PROBLEM REQUIREMENTS
Transcribe the listing exactly; drop the images.

#### DATASET EXCERPT

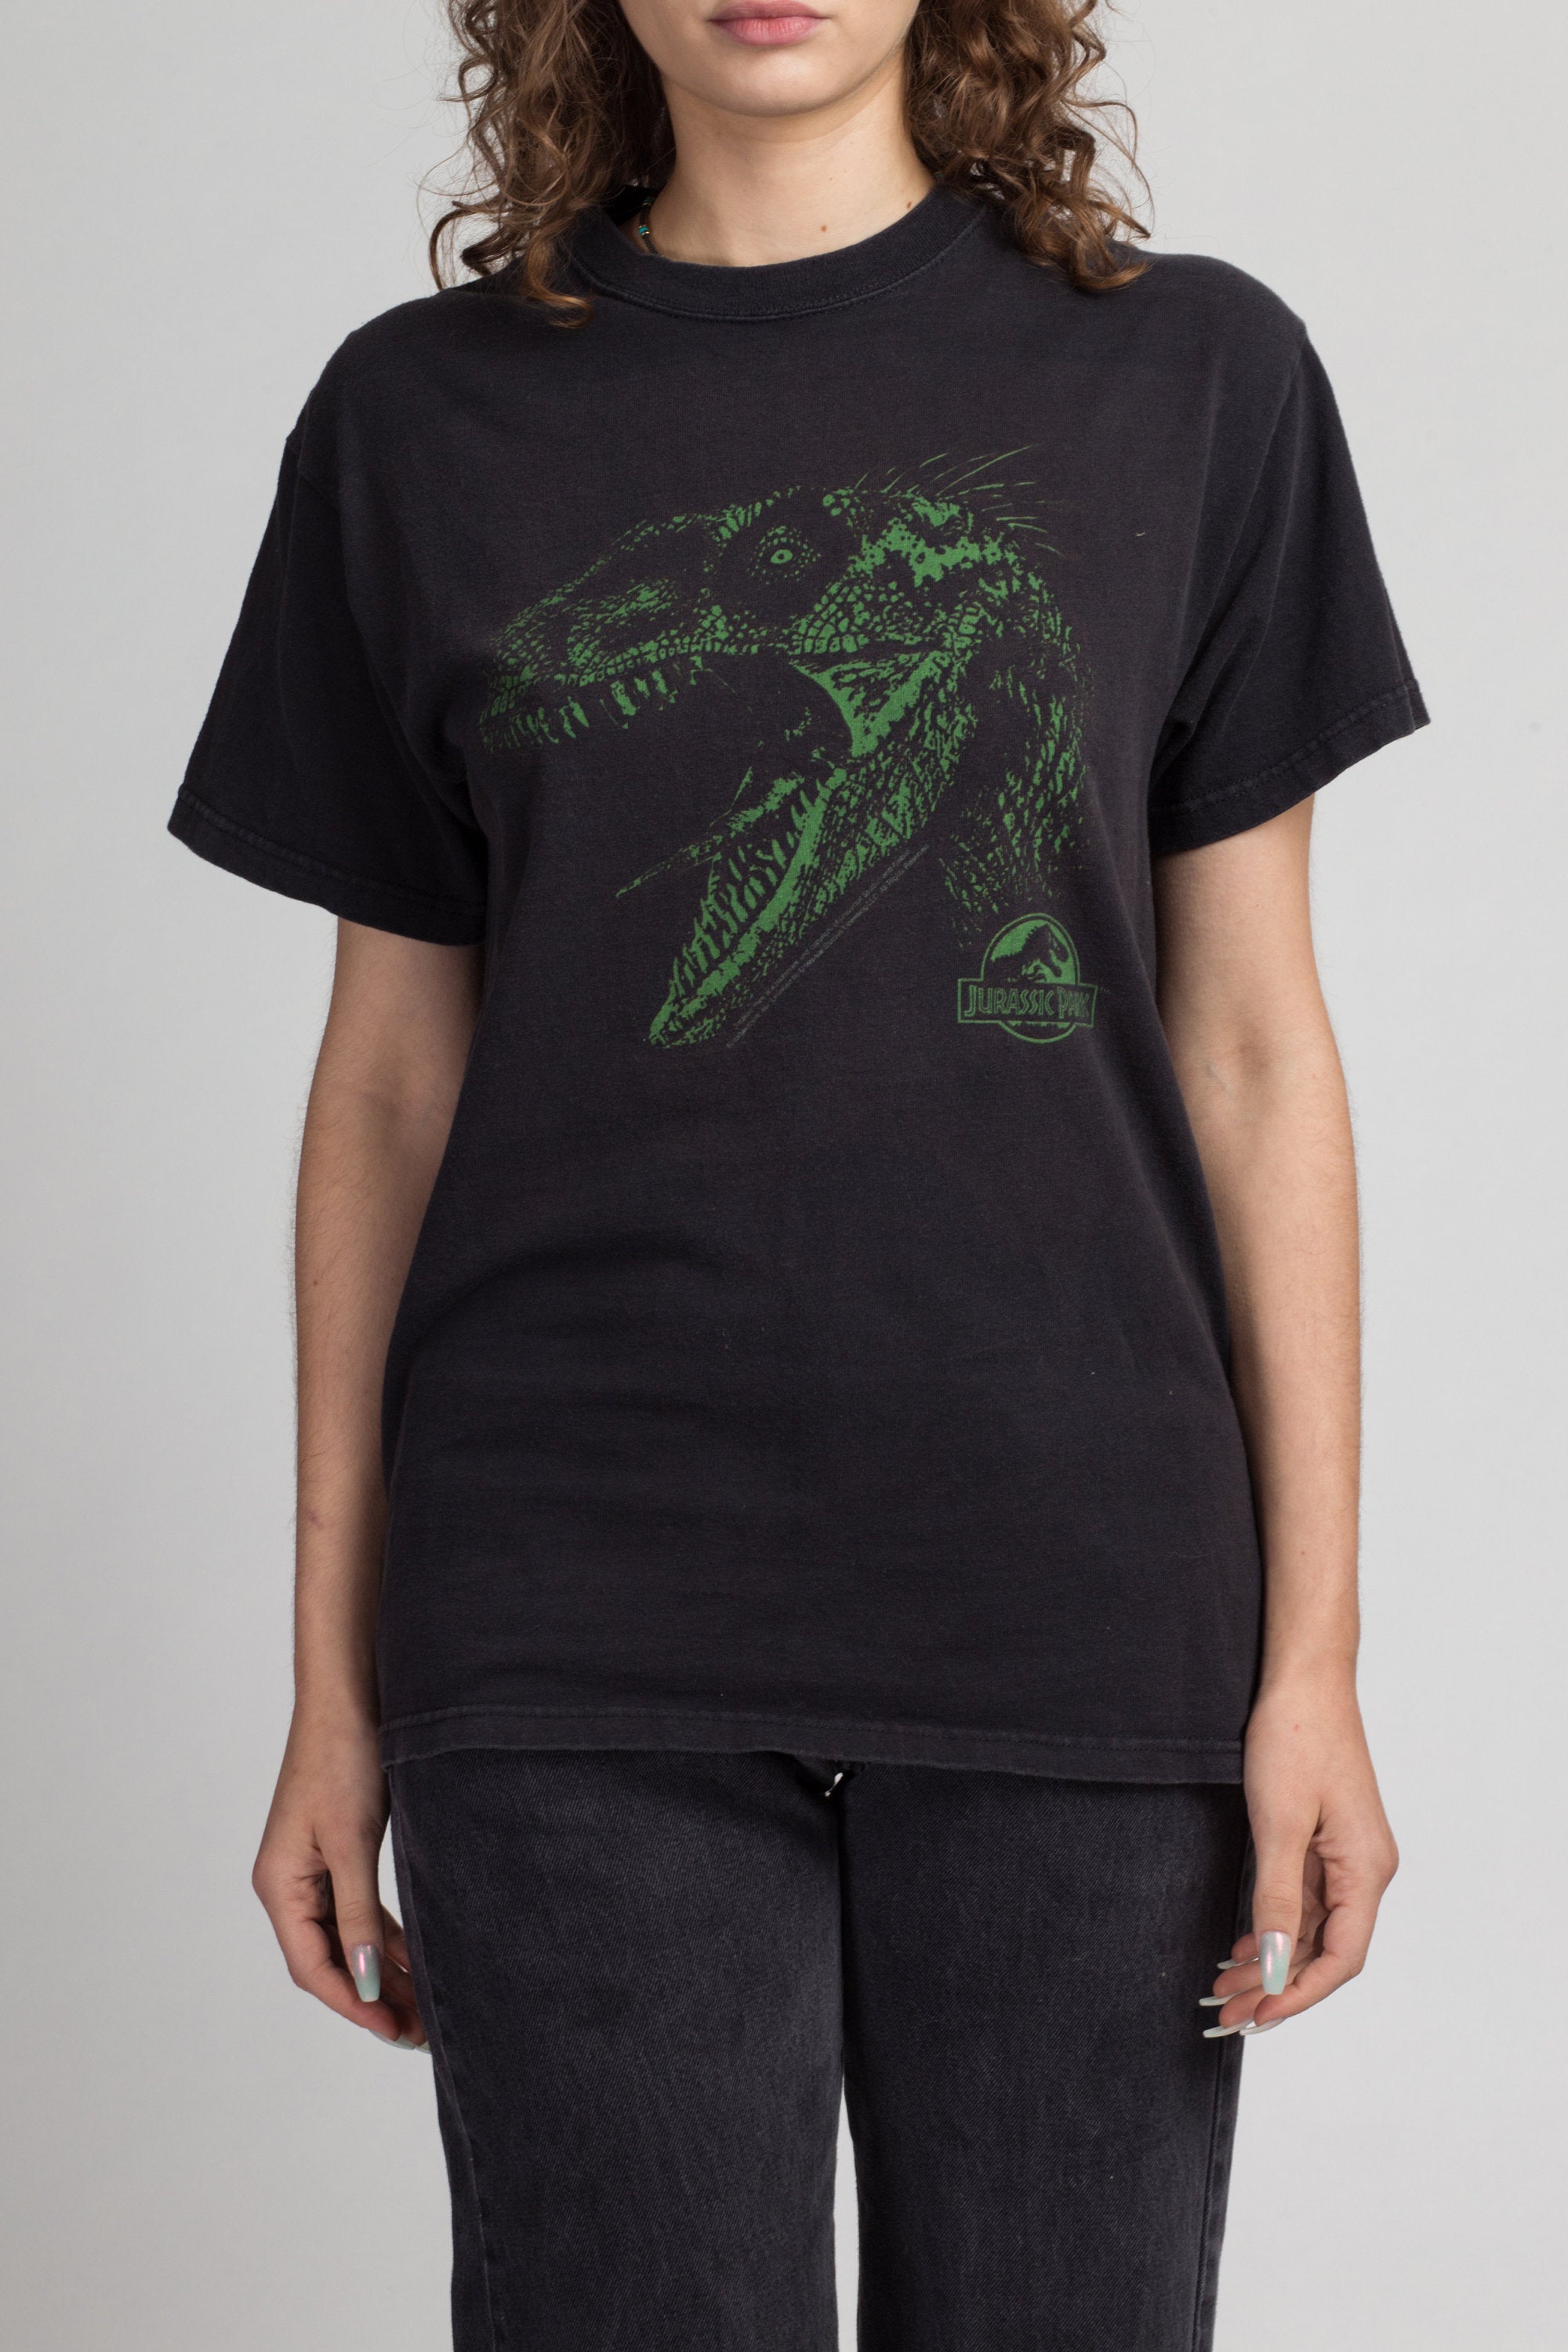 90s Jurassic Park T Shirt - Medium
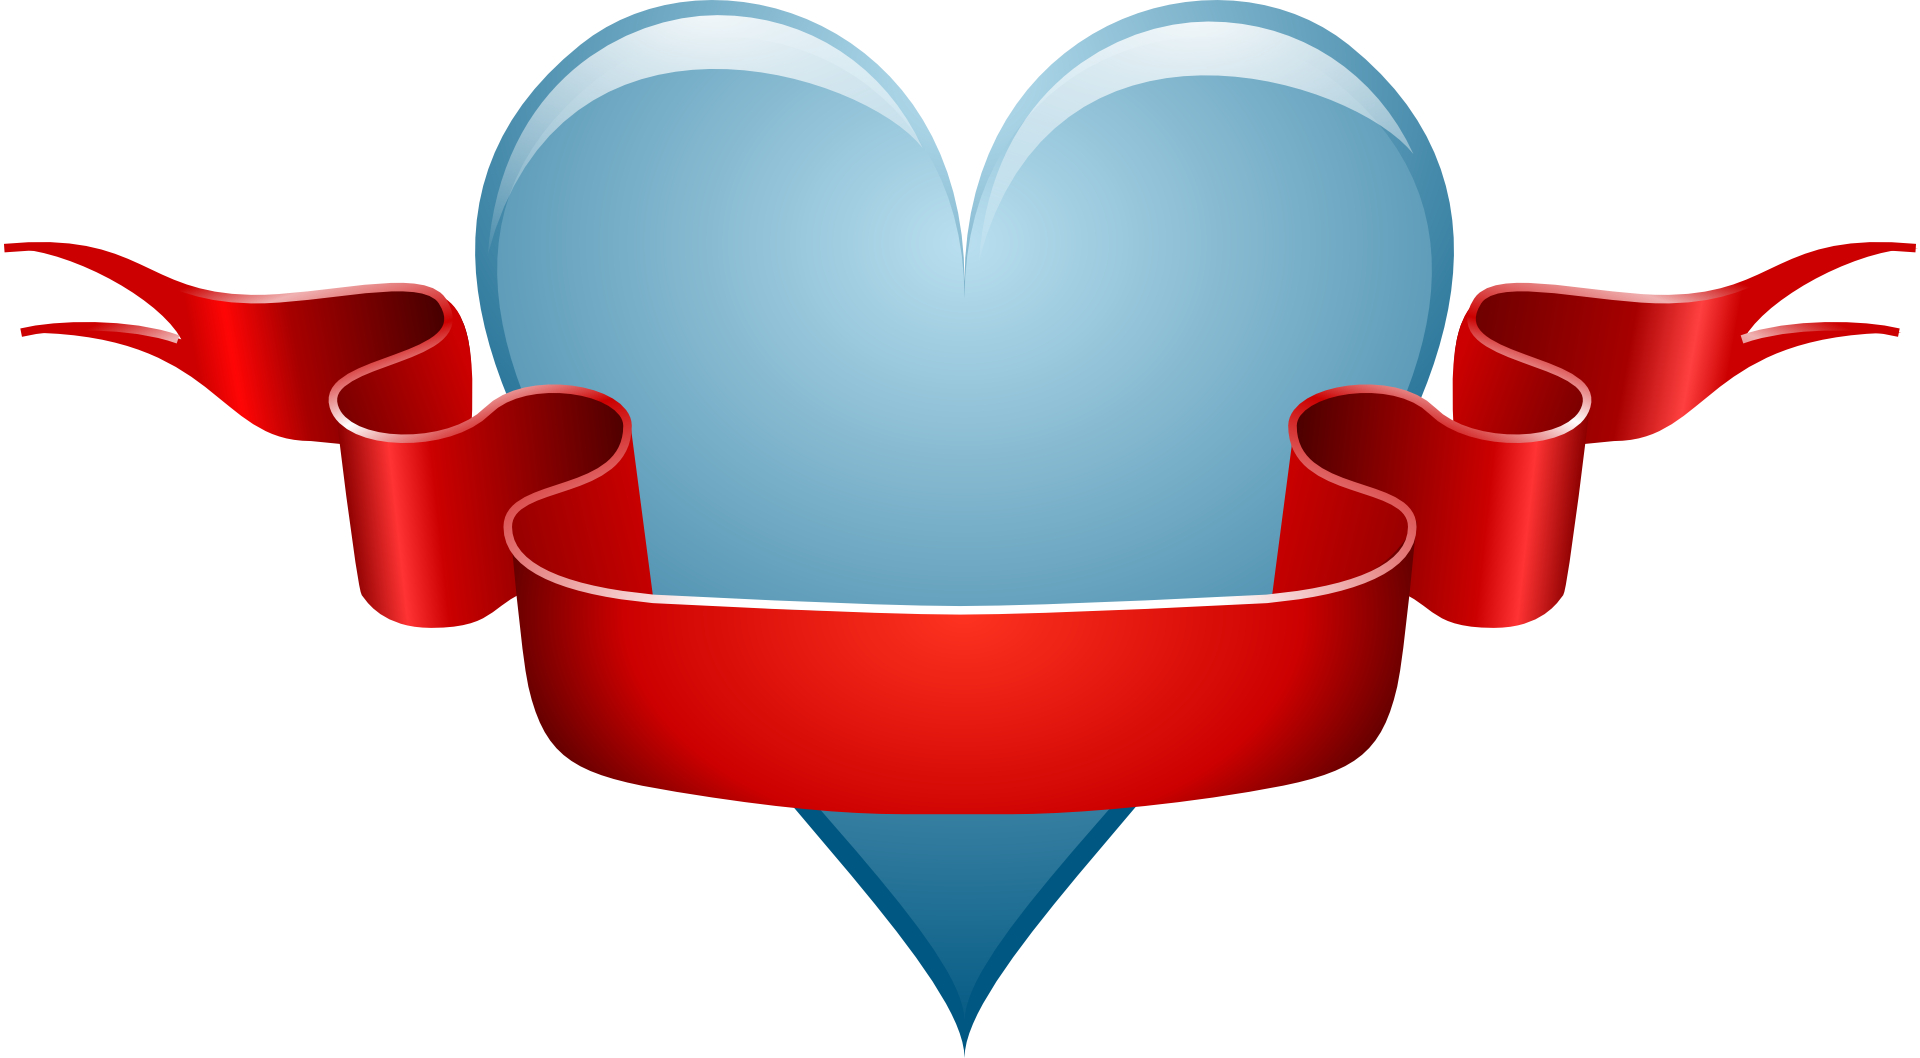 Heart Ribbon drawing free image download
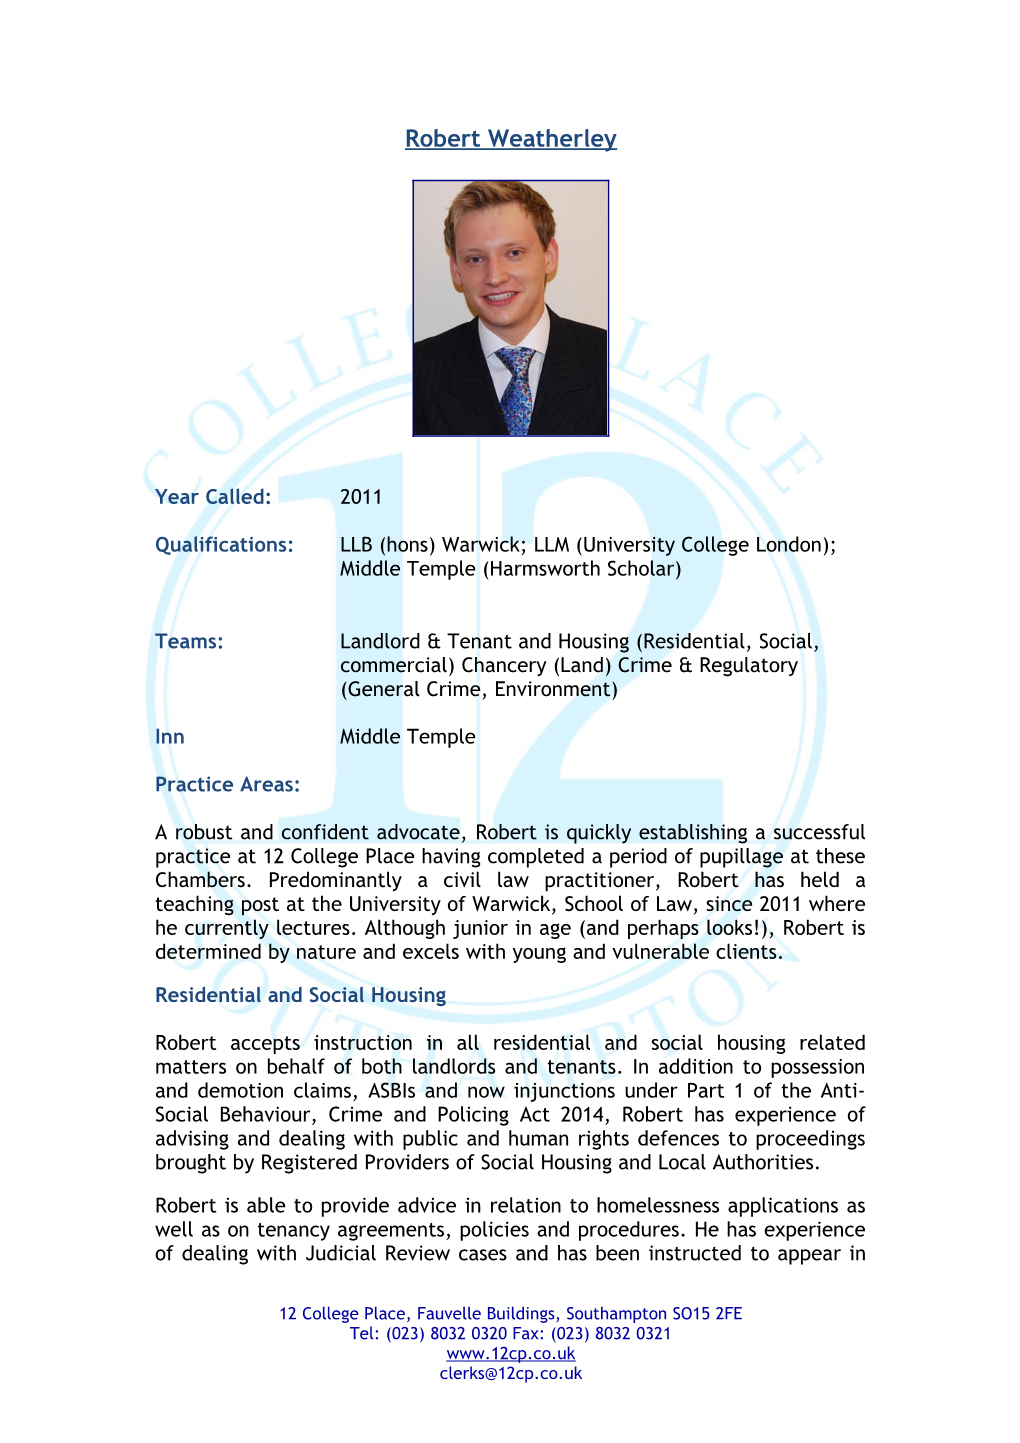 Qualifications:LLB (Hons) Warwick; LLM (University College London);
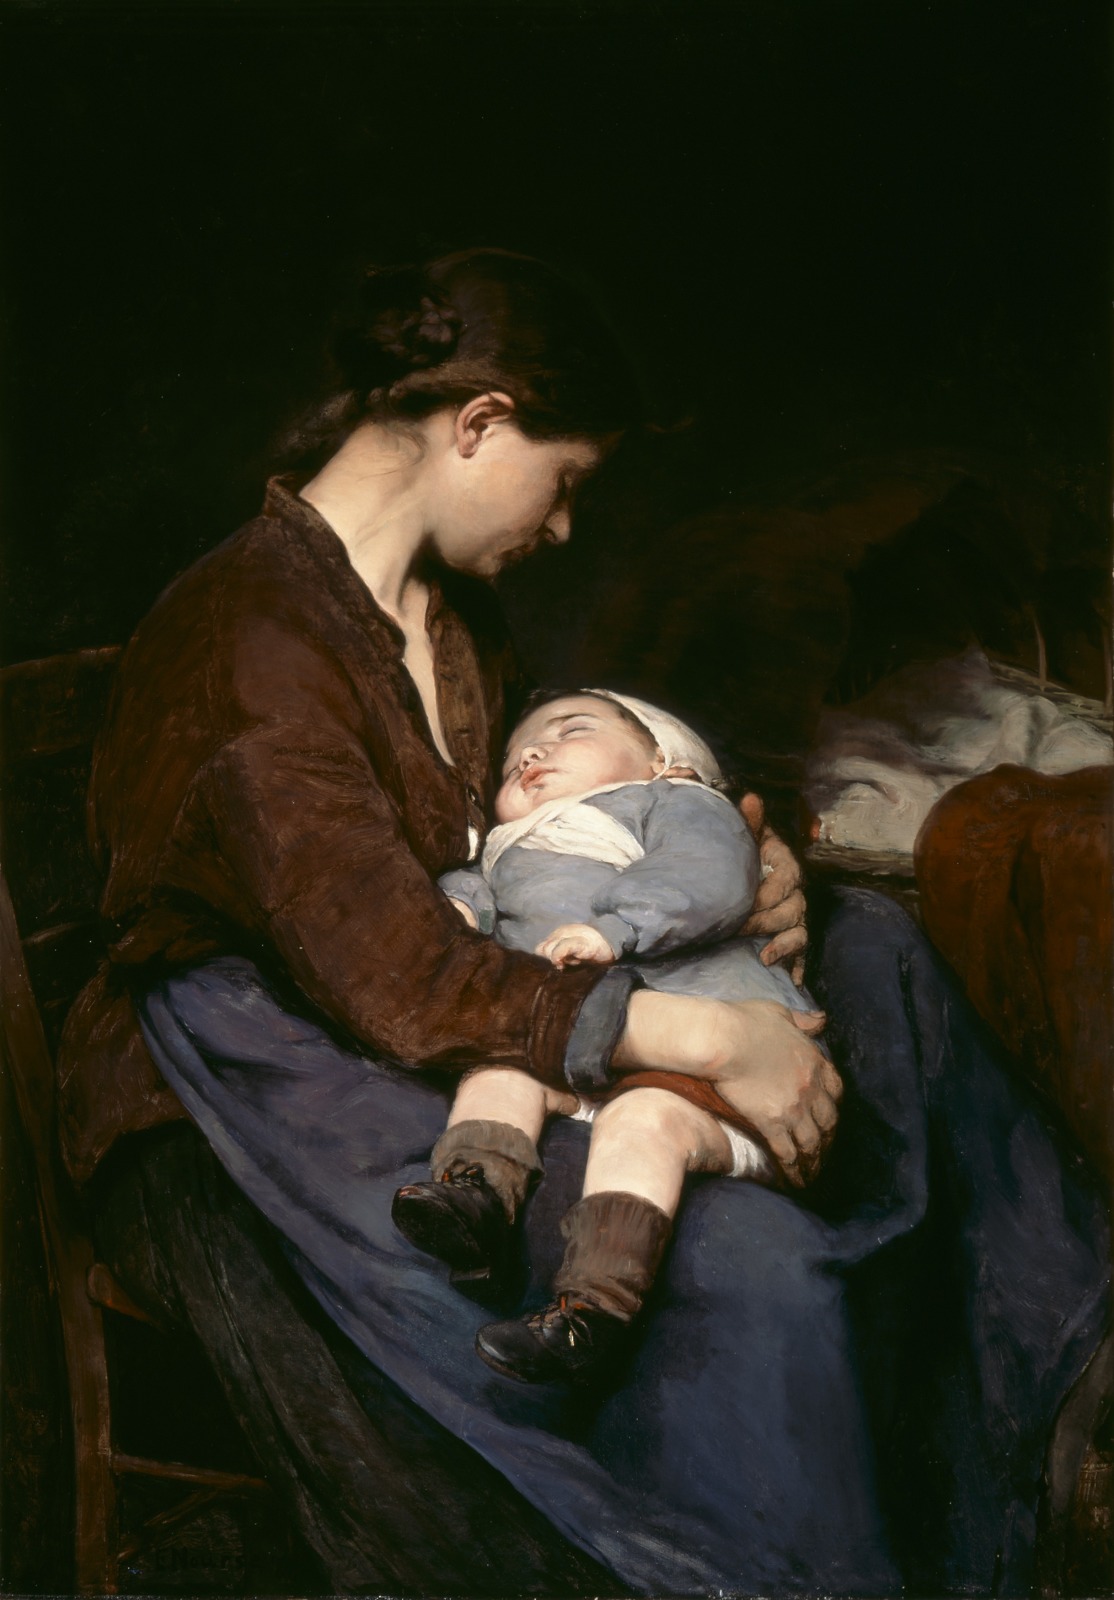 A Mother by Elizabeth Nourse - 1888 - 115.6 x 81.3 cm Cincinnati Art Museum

########

OUTPUT BELOW
 90s Jurassic Park T Shirt - Medium
 Heart Ribbon drawing free image download
 Qualifications:LLB (Hons) Warwick; LLM (University College London);
 A Mother by Elizabeth Nourse - 1888 - 115.6 x 81.3 cm Cincinnati Art Museum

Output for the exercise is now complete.